Traceback (most recent call last):
 File "ms-swift/swift/cli/_megatron/rlhf.py", line 5, in <module>
   megatron_rlhf_main()
 File "ms-swift/swift/megatron/train/rlhf.py", line 70, in megatron_rlhf_main
   return MegatronRLHF(args).main()
 File "ms-swift/swift/llm/base.py", line 49, in main
   result = self.run()
 File "ms-swift/swift/megatron/train/sft.py", line 63, in run
   self.trainer.train(train_dataset, val_dataset, data_collator)
 File "ms-swift/swift/megatron/trainers/grpo_trainer.py", line 66, in train
   super().train(train_dataset, val_dataset, data_collator)
 File "ms-swift/swift/megatron/trainers/base.py", line 990, in train
   pretrain(
 File "megatron/training/training.py", line 710, in pretrain
   iteration, num_floating_point_operations_so_far = train(
 File "megatron/training/training.py", line 2122, in train
   ) = train_step(
 File "ms-swift/swift/megatron/trainers/base.py", line 496, in train_step
   new_data_iterator = self._replace_data_iterator(data_iterator, model)
 File "ms-swift/swift/megatron/trainers/grpo_trainer.py", line 468, in _replace_data_iterator
   micro_batch_data = self._generate_and_score_completions(rollout_batch)
 File "ms-swift/swift/megatron/trainers/grpo_trainer.py", line 557, in _generate_and_score_completions
   micro_batch_data = _get_encoded_batch(micro_batch_data, micro_batch_advantages)
 File "ms-swift/swift/megatron/trainers/grpo_trainer.py", line 521, in _get_encoded_batch
   advantages = torch.repeat_interleave(advantages, lengths)
RuntimeError: repeats must have the same size as input along dim, but got repeats.size(0) = 2 and input.size(0) = 1

Experiment results

Script to reproduce on with 8 GPUs:

HF_HOME=${HF_HOME:-"/models"}
MODEL=${MODEL:-"Qwen/Qwen3-30B-A3B"}
LORA_RANK=${LORA_RANK:-8}
LORA_ALPHA=${LORA_ALPHA:-16}
COMMON_TP=${COMMON_TP:-4}
COMMON_EP=${COMMON_EP:-8}
COMMON_PP=${COMMON_PP:-1}
COMMON_CP=${COMMON_CP:-2}
INFER_TP=${INFER_TP:-4}

CUDA_VISIBLE_DEVICES=0,1,2,3,4,5,6,7 \
NNODES=1 \
NODE_RANK=0 \
MASTER_ADDR=127.0.0.1 \
MASTER_PORT=29500 \
NPROC_PER_NODE=8 \
PYTORCH_CUDA_ALLOC_CONF='expandable_segments:True' \
megatron rlhf \
    --rlhf_type grpo \
    --model "$HF_HOME/$MODEL" \
    --load_safetensors true \
    --save_safetensors true \
    --context_parallel_size $COMMON_CP \
    --tensor_model_parallel_size $COMMON_TP \
    --expert_model_parallel_size $COMMON_EP \
    --expert_tensor_parallel_size 1 \
    --pipeline_model_parallel_size $COMMON_PP \
    --dataset 'zouxuhong/Countdown-Tasks-3to4#50000' \
    --system 'You are a helpful assistant.
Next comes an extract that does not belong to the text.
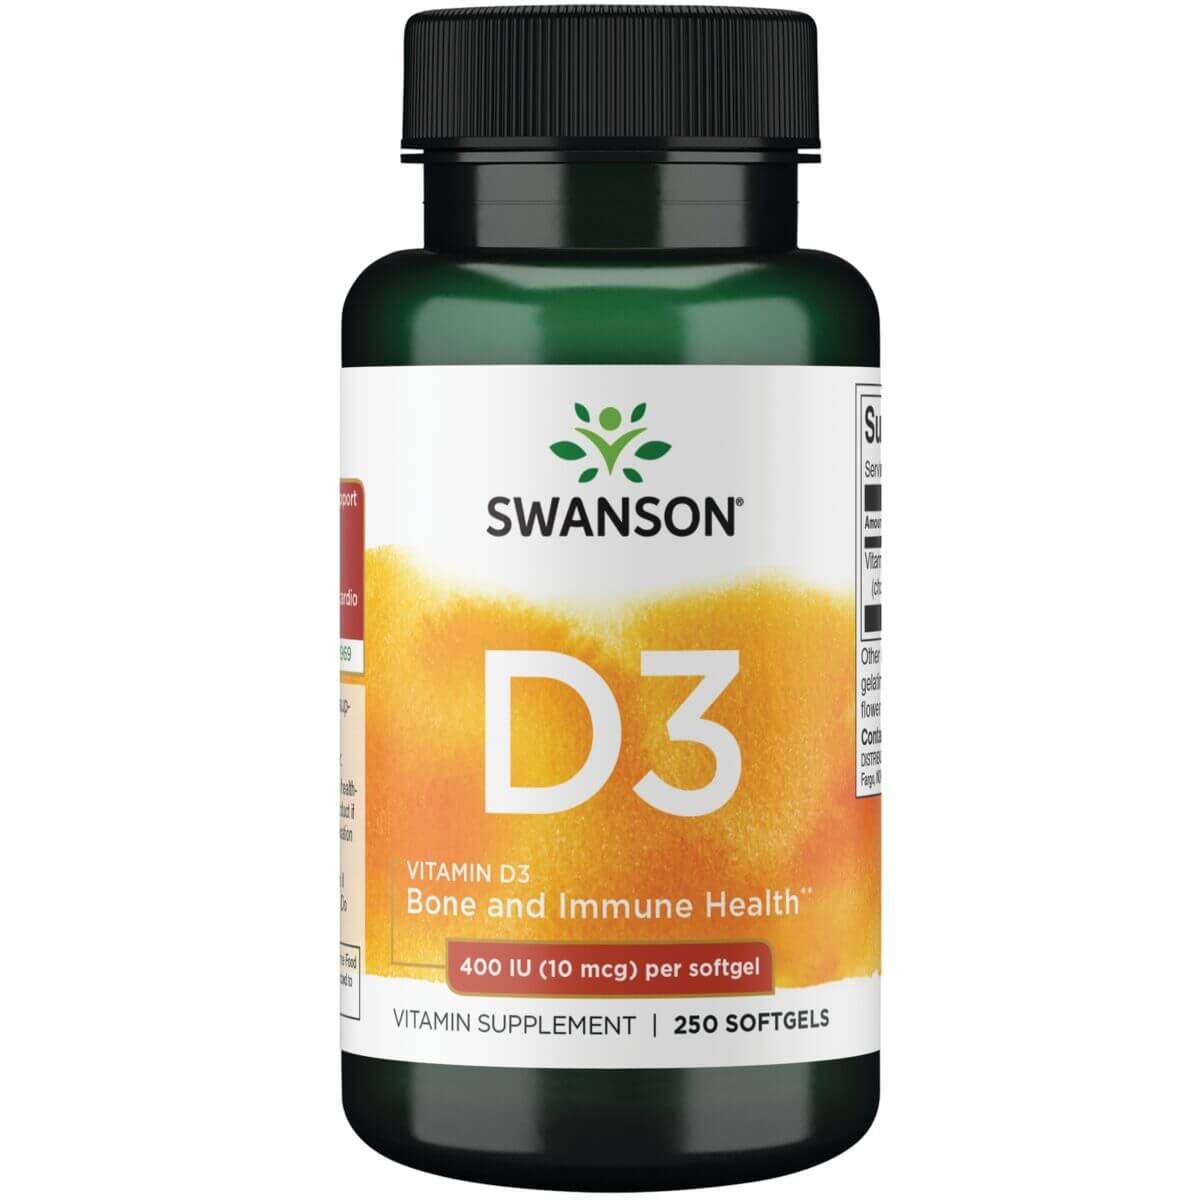 Photos - Vitamins & Minerals Swanson Vitamin D 400 Iu  250 Softgels VH-SWO-2520 (10 mcg)
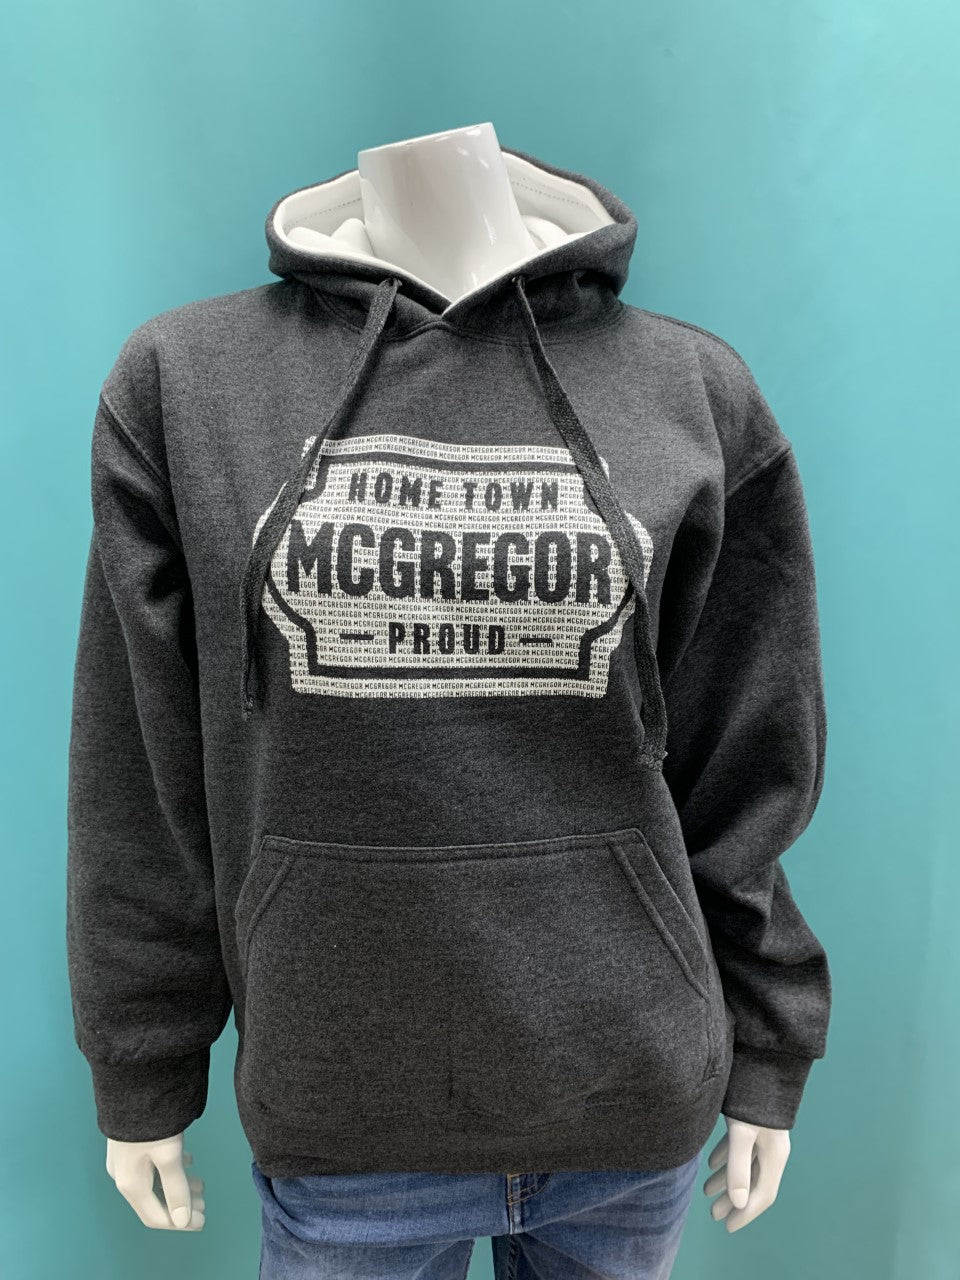 Hometown McGregor Proud Hoodie - Charcoal

You first thinks about the reasoning process in the mind and then provides the user with the answer.' \
    --max_epochs 1 \
    --global_batch_size 16 \
    --micro_batch_size 1 \
    --steps_per_generation 2 \
    --num_generations 8 \
    --external_plugins /workspace/ms-swift/examples/train/grpo/plugin/plugin.py \
    --reward_funcs external_countdown format \
    --use_vllm true \
    --vllm_mode colocate \
    --vllm_gpu_memory_utilization 0.3 \
    --vllm_tensor_parallel_size $INFER_TP \
    --vllm_max_model_len 4096 \
    --max_length 2048 \
    --max_completion_length 2048 \
    --train_type lora \
    --lora_rank $LORA_RANK \
    --lora_alpha $LORA_ALPHA \
    --lr 5e-5 \
    --bf16 true \
    --beta 0.001 \
    --importance_sampling_level sequence \
    --epsilon 3e-4 \
    --epsilon_high 4e-4 \
    --dynamic_sample false \
    --overlong_filter true \
    --loss_type grpo \
    --sleep_level 2 \
    --offload_model false \
    --offload_optimizer true \
    --log_interval 1 \
    --recompute_granularity full \
    --recompute_method uniform \
    --recompute_num_layers 1 \
    --finetune \
    --num_workers 8 \
    --dataset_num_proc 8 \
    --no_save_optim \
    --no_save_rng \
    --attention_backend flash \
    --temperature 1.0 \
    --padding_free true \
    --sequence_parallel true \
    --log_completions true

✨ Presented to you with Mind Lab - A Lab for Experiential Intelligence.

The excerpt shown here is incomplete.